Last weekend, I spent a few days in one of the most spectacular cities in the world, Paris, France. A friend and I spent 4 days in the city, site seeing and taking in the culture. After my short stint there, I left feeling thoroughly impressed but significantly poorer than when I first came. Paris is definitely a great city, but its greatness is funded by ridiculously expensive, well, everything.
While we wanted to see "real" Paris and try to spend some time off of the beaten path, we also could not allow ourselves to miss any of the major sites. So, we ended up spending most of our time site seeing at all of the major points in the city. The next time that I am in Paris, I hope to spend a bit more time in some of the more remote areas of the city, taking in the real Parisian culture, but for this first time, a tourist's whirlwind would have to do. The charm of the city is rooted in the same things that the rest of Europe boasts, mainly the interconnected coexistence of history and modernity that creates a sort of unexplainable existential argument that can be seen on every street corner, cafe, and pastry shop. The Eiffel Tower and the Arc de Triomphe loom over their respective parts of the city, reminding everyone around of what once was. Most tourists who visit these places aren't even really aware of what they are actually looking at. But, they look nonetheless in awe of the beauty of the structures. At the Louvre and the Musee d'Orsay, I was able to see the Mona Lisa and works from Michaelangelo, Van Gogh, Matisse, Renoir, Degas, Monet, Manet, and several other of the worlds greatest artists.
My friend and I also visited Versailles, in the suburbs of Paris, which put into perspective the amount of excess that was prominent in the days of the old kings and queens of Europe. The mansion that has been home to several French royal families and various historically important events and famous guests, is lined with extravagant paintings, intricate tapestries, and ostentatious decorations that make you forget that you are walking through the halls of someone's house, not a museum full of artifacts. The gardens, which were covered in snow, are said to be some of the most beautiful in the world. We were able to appreciate them in their state of winter sleep, taking some pictures of the pond and trees that captured the serenity of the area, but in the summer I can imagine that the blooms of the flowers and trees coupled with a slight breeze and a bright blue sky would be surreal.
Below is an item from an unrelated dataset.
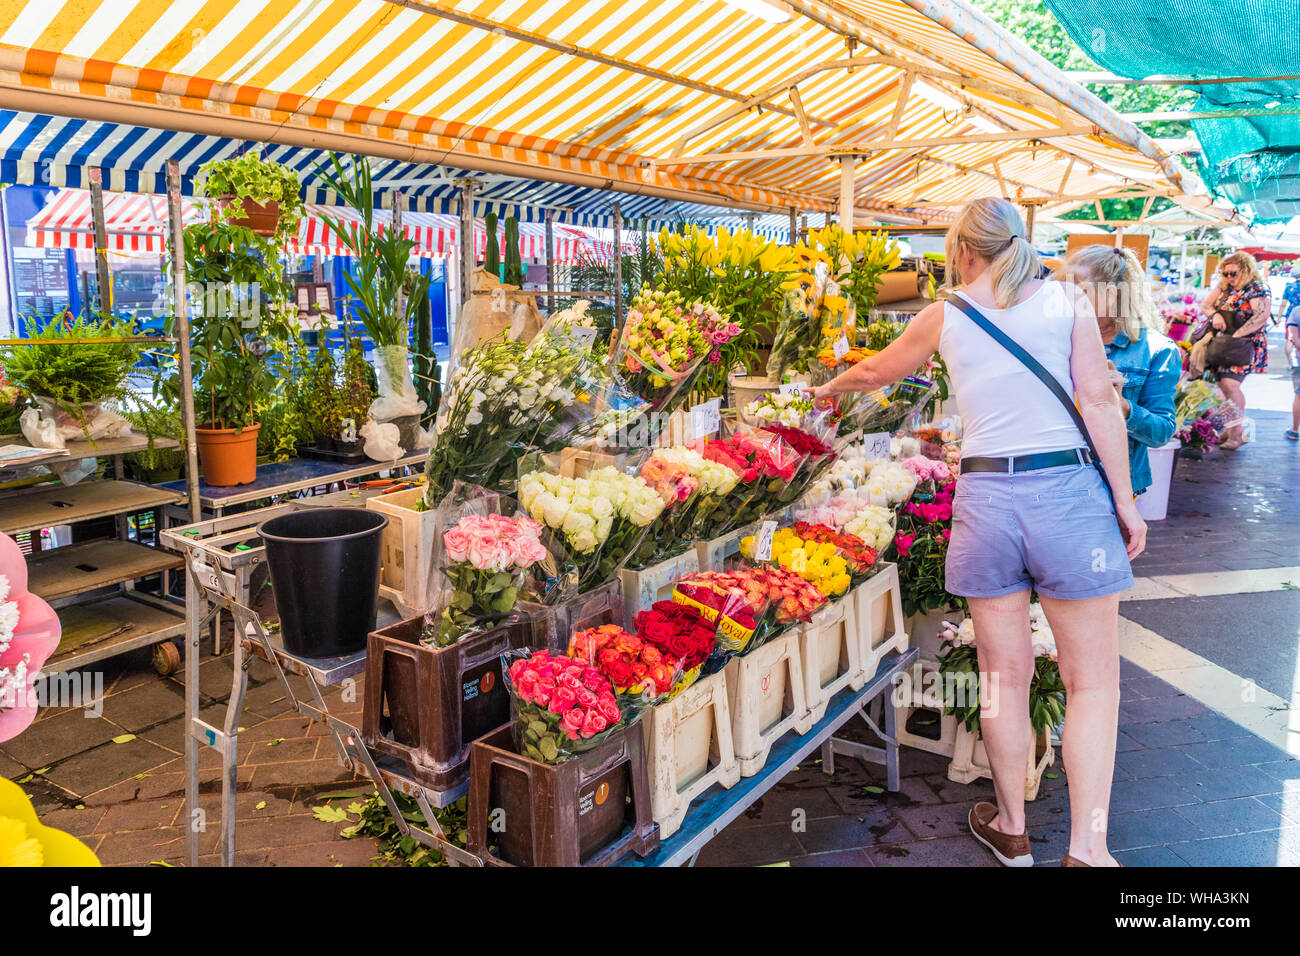 Le marché aux fleurs Cours Saleya Marché, Vieille Ville , Nice, Alpes Maritimes, Côte d'Azur, French Riviera, Provence, France, Europe, Méditerranée Banque D'Images

The food in Paris was pretty good, too, but then again, I didn't really eat that much of it. Of course, I ate, but eating real French food turned out to be laughingly expensive and a bit hard to track down. We had one real meal at which my friend ate duck and I had rabbit, but other than that we ate at local eateries that offered pretty standard menu options. It didn't seem to be like some of the other cities that I have been to in which they advertise their traditional dishes and make them readily available to anyone with clear vision. I know of the popularity and prestige of French cuisine, but I was definitely surprised by the difficulty that we had actually finding some and it being affordable.
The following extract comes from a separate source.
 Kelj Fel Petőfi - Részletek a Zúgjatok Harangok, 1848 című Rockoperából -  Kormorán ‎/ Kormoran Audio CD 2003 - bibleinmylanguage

Our only problem came in the form of a cancelled flight that left us in the city for an extra day. We had to miss work and pay for another night in the hostel, but even with those added inconveniences, I can definitely think of things that are much worse than getting 'stuck' in Paris for another day. Paris turned out to be a fun city to see, one full of history and beauty that pictures do little justice in actually capturing. While I don't think that it will be my favorite city that I visit, I am glad that I was able to go and to see more of the fascinating history and culture that comprises the network of countries on this intriguing continent.